The taste of the small walnut inside - smaller than commercial walnuts - is extraordinary. The black walnut is one of only three known species, the other are algae in the ocean and human breast milk (where it's thought to help with neurological development) that contains eicosopentenoic acid, an omega 5 fatty acid. They are thus very good for you. Eicosopentenoic aicd has been utilized as a medication to treat heart disease and high cholesterol.
Tanuki
(14,893 posts)They were great when chopped and added to fudge and other baked goods, and they froze well if there were too many to eat right away.

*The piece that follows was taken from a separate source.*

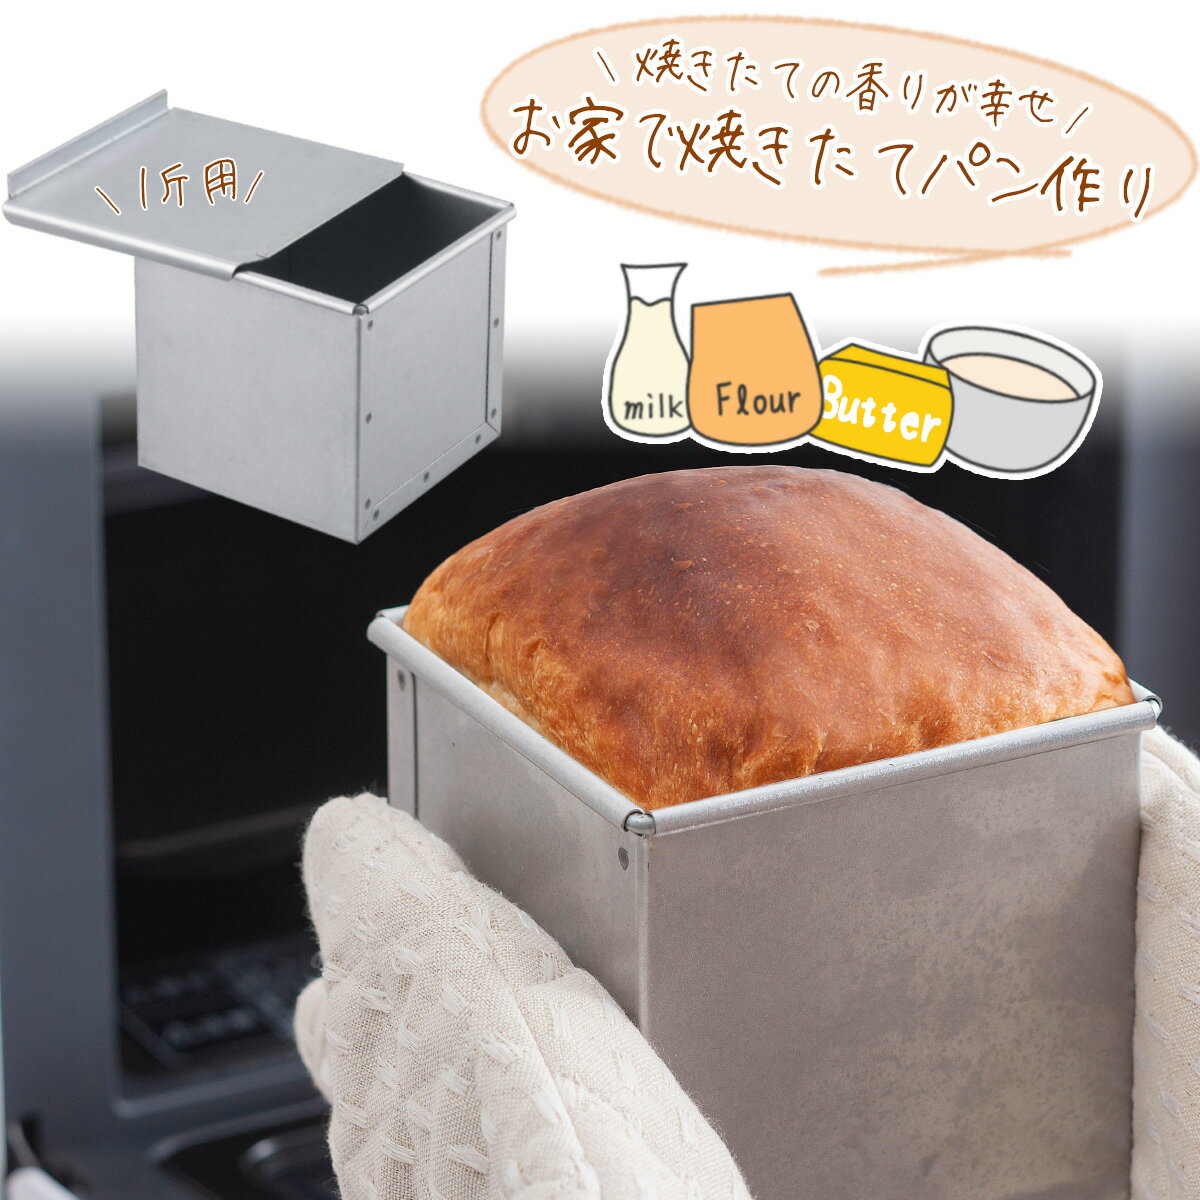 高級食パン パン焼 フタ付 1斤日本製 パン型 型 製パン 高級パン食パン 角食パン キューブパン 手作り焼きたて パン 手ごねパン 朝食ホームベーカリー インスタ 映えパン作り パン屋

Be sure to wear gloves when cracking them, or your hands will get stained a dark brown and it won't wash off.
Biophilic
(3,477 posts)Yes, the nuts taste great, but what a struggle to get to them. We lived on a dirt road so my Dad would throw the nuts onto the road to get the outer husk off. Cars don't faze the inner shell. Once we had collected the husked nuts he would spend hours in the basement cracking them with his vice. Than, of course, you have to carefully pick the meat of the nut out from the shells. He gave up once we kids left home since even collecting the nuts to begin with was a bit of a chore. I do wish you luck and good eating.
marble falls
(56,358 posts)100% totally worth it!
sinkingfeeling
(51,275 posts)that processed black walnuts. For a fee, they would take your green ones and give you back the shelled nuts.
Backseat Driver
(4,333 posts)very difficult to remove the green hulls (finally used a hammer on a steel anvil one by one); an old-fashioned nutcracker of cast-iron on a wooden base did not work very well nor did bagging and rolling over them with the car. The hull contents permanently stain everything it touches. It also took much effort with a sharp pic (Ouch!) to remove the nut within - I didn't retrieve very many nuts for all that work. The experience really made for appreciation of those very small, expensive bags of black walnuts in the stores. Yes, I did know Black Walnut trees produce a toxin that prohibits other plant growth, juglone. Here's the scoop and a planting guide...
Attn: .pdf file:
https://www.johnson.k-state.edu/docs/lawn-and-garden/in-house-publications/trees-shrubs/Landscaping%20Near%20Black%20Walnut%20Trees.pdf
The hulls, BTW, can be swept up from the lawn (can ruin lawnmower blades) in a mechanical sweeper or by hand, collected, and brought (if there's many lbs: they will buy them per lb/ton) to local collection sites that a commercial industrial company set up for their own processing to be used for industrial applications of the nutshells mainly as abrasive cleaners (map location of collection sites) but also in the oil industry as explained here:
https://black-walnuts.com/view-nutshell-products/
rsdsharp
(9,035 posts)At least until the F5 tornado took them. Mowing the lawn in the fall was interesting. I dont think you can just take them out of the green husks and use them. I think you have to dry then, but I could be wrong.
Rebl2
(13,301 posts)seeing squirrels with walnuts recently. Humans have a difficult time getting to the meat of the nut. How in the world do squirrels manage to do it! They must have some powerful jaws and teeth.